By David F. Rooney
In a move strongly criticized by one dissident Councillor, City Council has decided it should prevent citizens from exercising their credit cards when they want to pay their property taxes or utility bills.
“We say we want to be Hockeyville but we’re acting more like Smallville,” said Councillor Phil Welock as he and Steve Bender opposed a move by Councillors Chris Johnston, Tony Scarcella, Antoinette Halberstadt and Mayor David Raven to stop people from using credit cards to pay those kinds of bills.
Credit cards will still be accepted at the Community Centre and the Aquatic Centre so the loss of convenience will not be absolute.
“People just need to budget better,” Johnston said during Council’s regular sitting as a Committee of the Whole on Tuesday. The CoW meetings permit Councillors to discuss major issues and take the first steps towards formal adoption of various motions and recommendations during an official Council meeting. This means that while Council really does want to do away with credit card payments it can still change its mind if the issue brings the political waters to a boil.
This was not a particularly easy call to make.
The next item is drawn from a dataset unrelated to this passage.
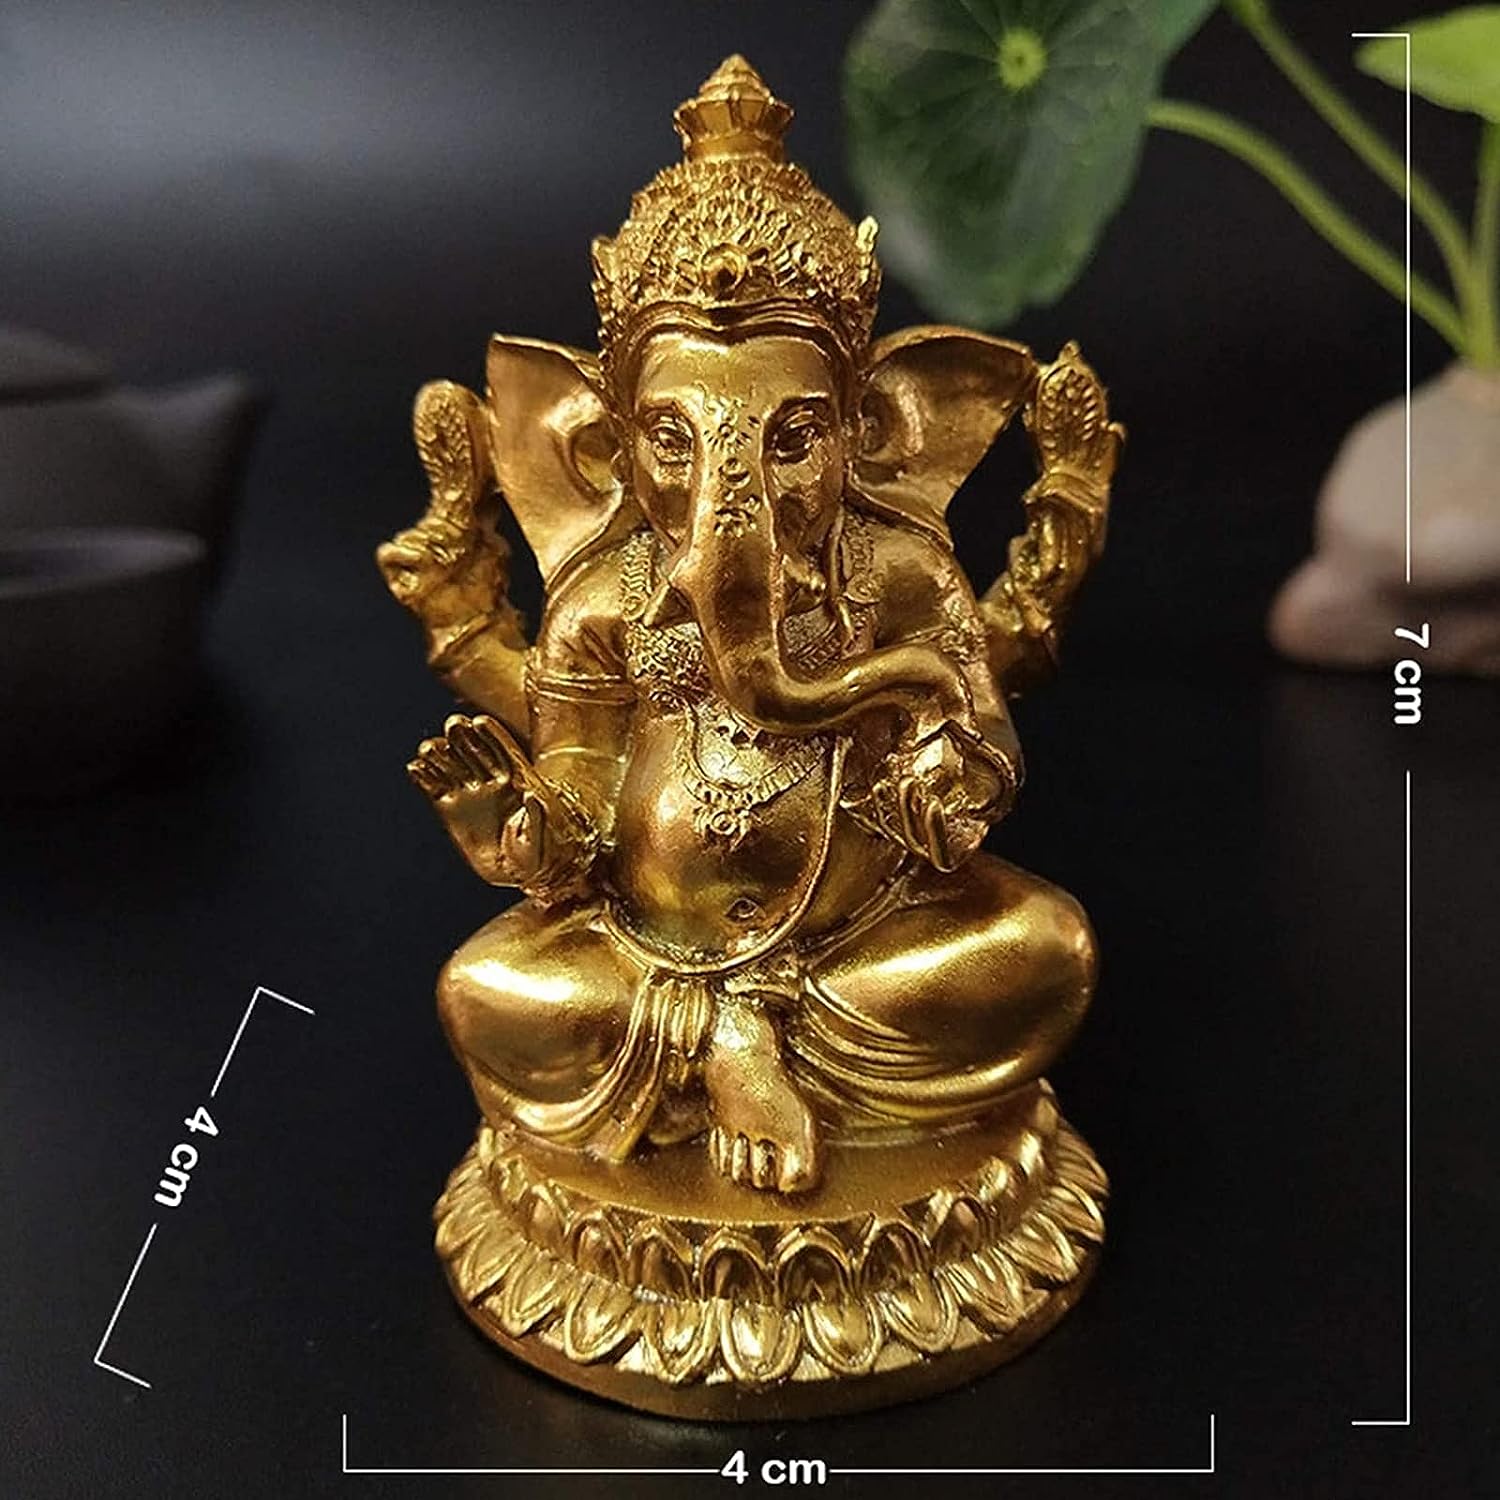 YODOOLTLY Gold Lord Ganesha Statues- Hindu Elephant God Statue Resin Sculpture Indian Ganesh Buddha Figurine Handmade Gift Decoration Ornaments for Home, Garden, Car

Even those Councillors opposed to credit card payments noted that they truly are a convenience for many people.
The real question, however, is how much money should the City shell out to ensure that kind of convenience?
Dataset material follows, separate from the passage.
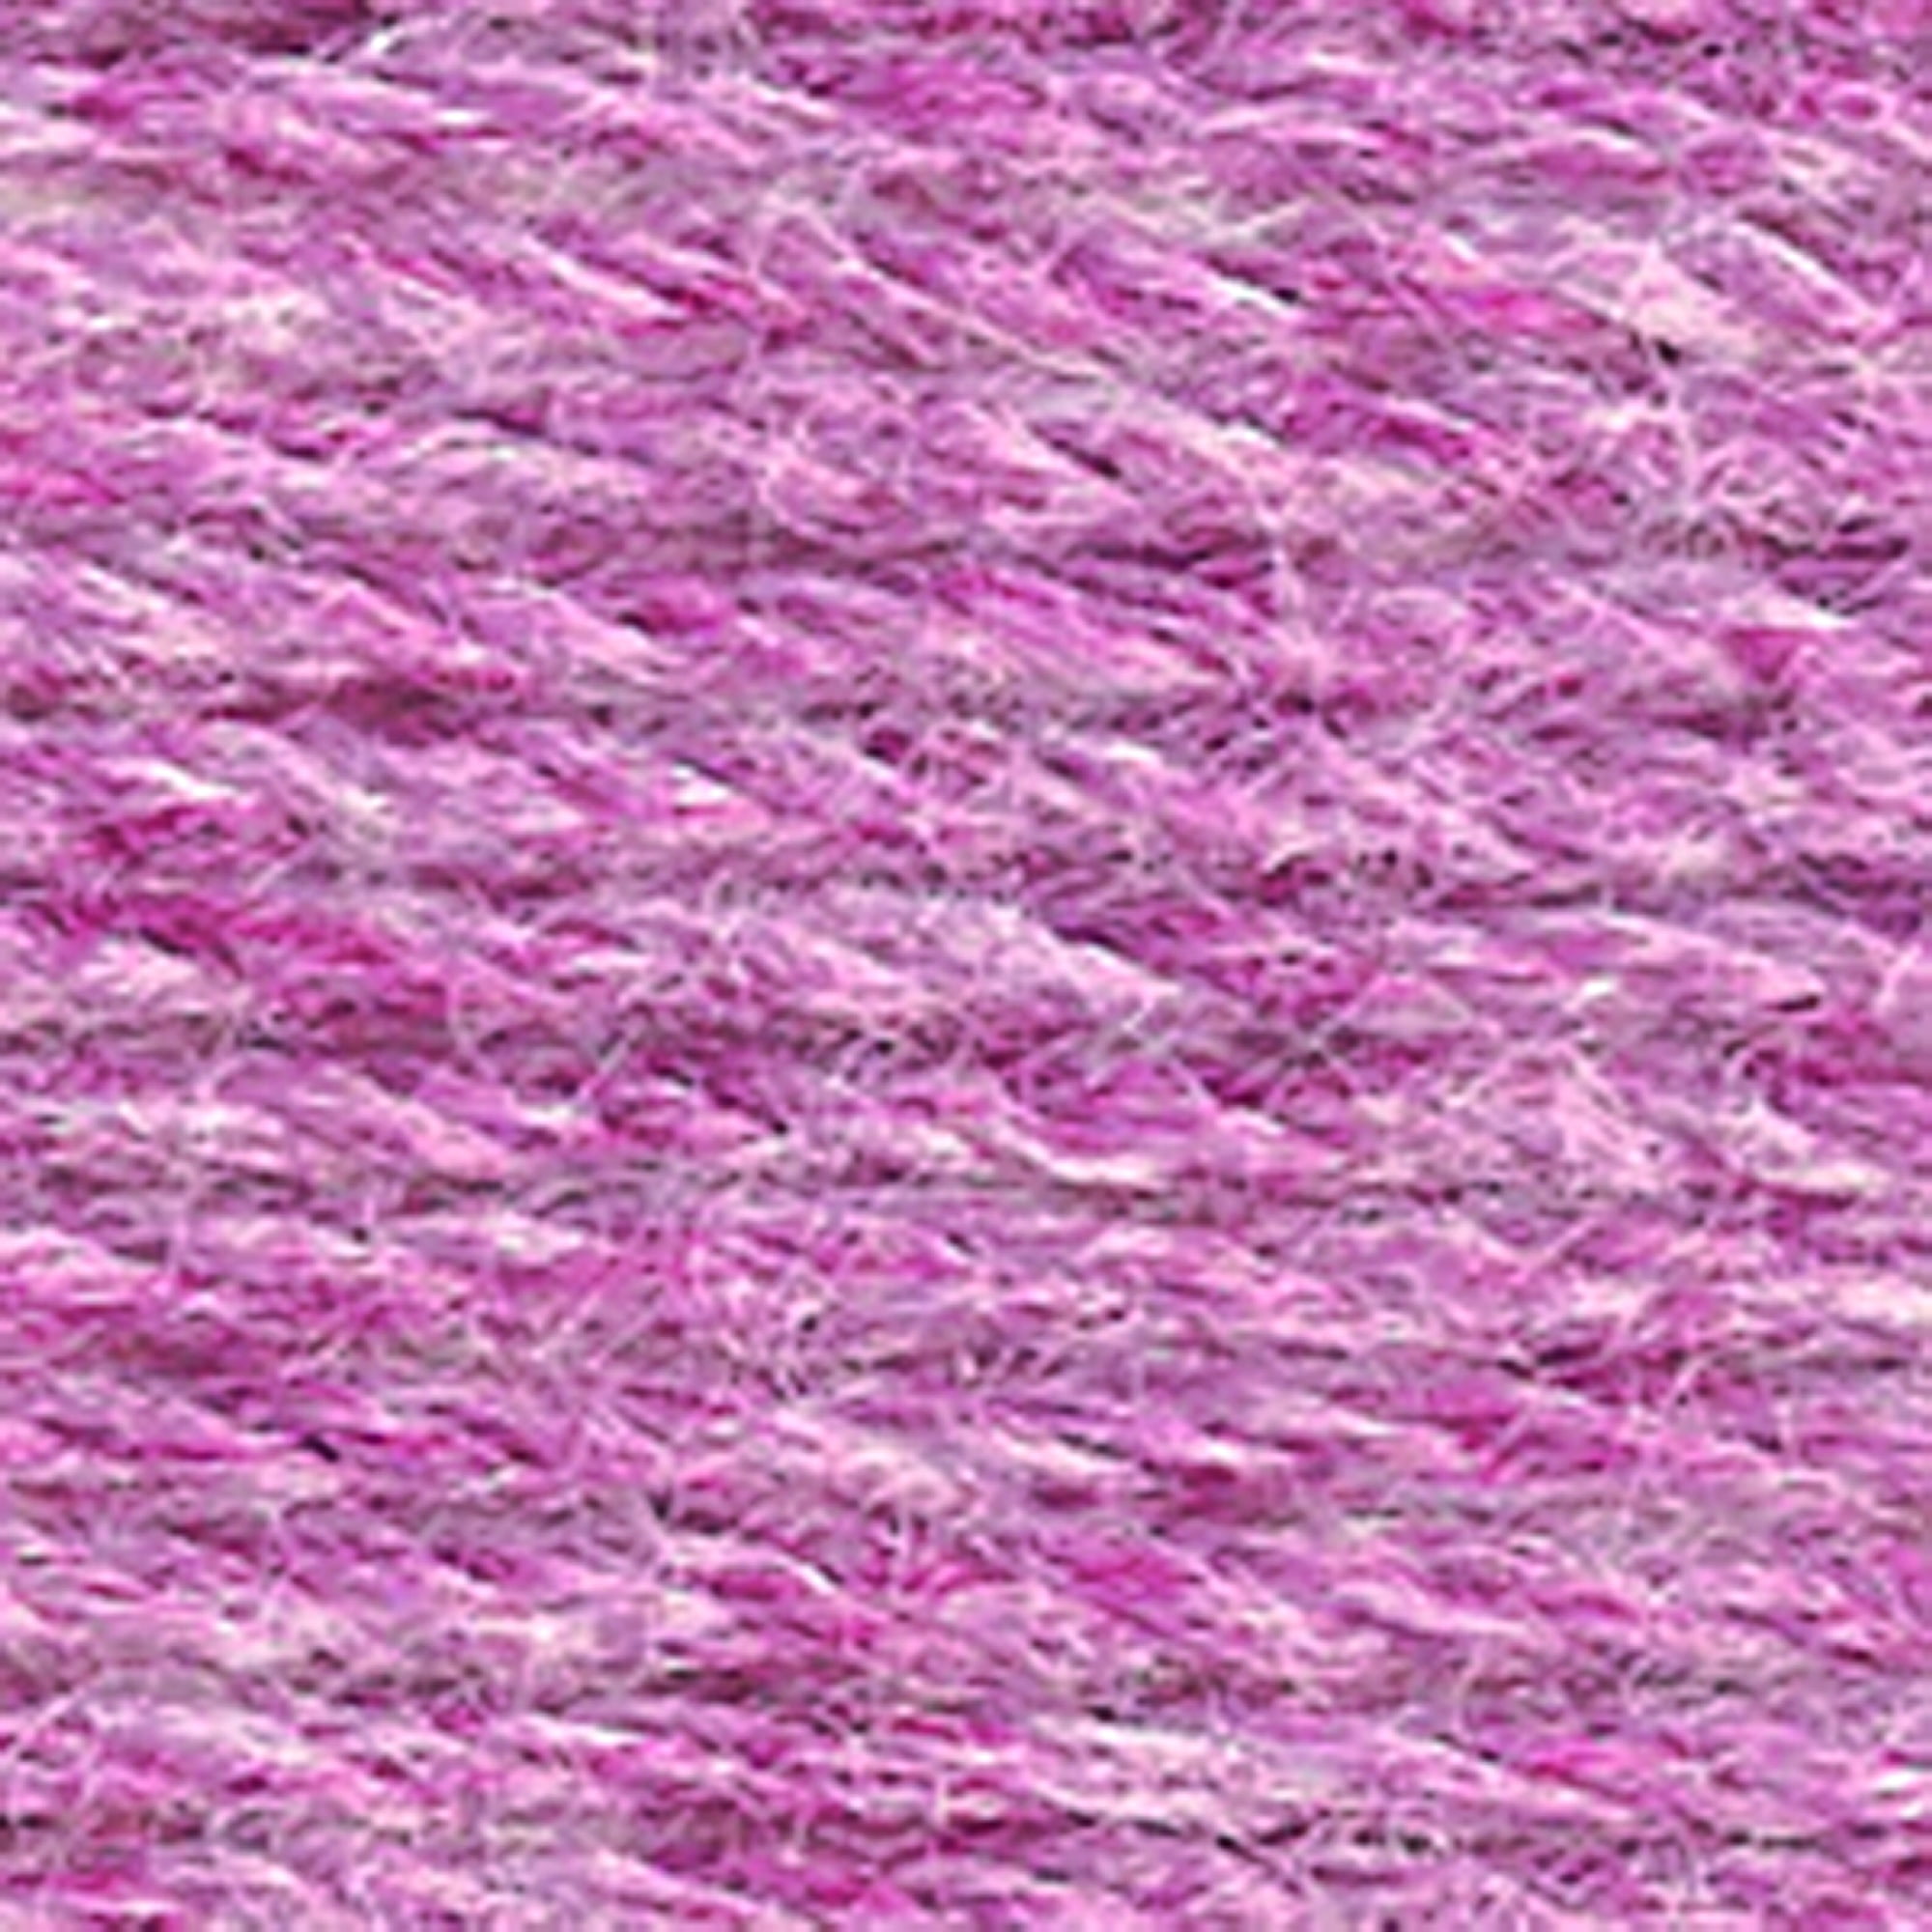  Lion Brand Wool Ease Yarn Rose Heather 620-140 (6

Finance Director Graham Inglis told the CoW that the City currently pays about $33,000 a year in credit-card transaction fees and he projected that those payments could balloon to $125,000 per year in 2014.
If the public accepts this decision and doesn’t exert enough pressure on Council to force it to change it’s collective mind the ban on credit card payments for property taxes and utility bills will be passed at next Tuesday’s formal Council meeting. If that happens it will be effective this tax year.
So, will that be cash or cheque this year?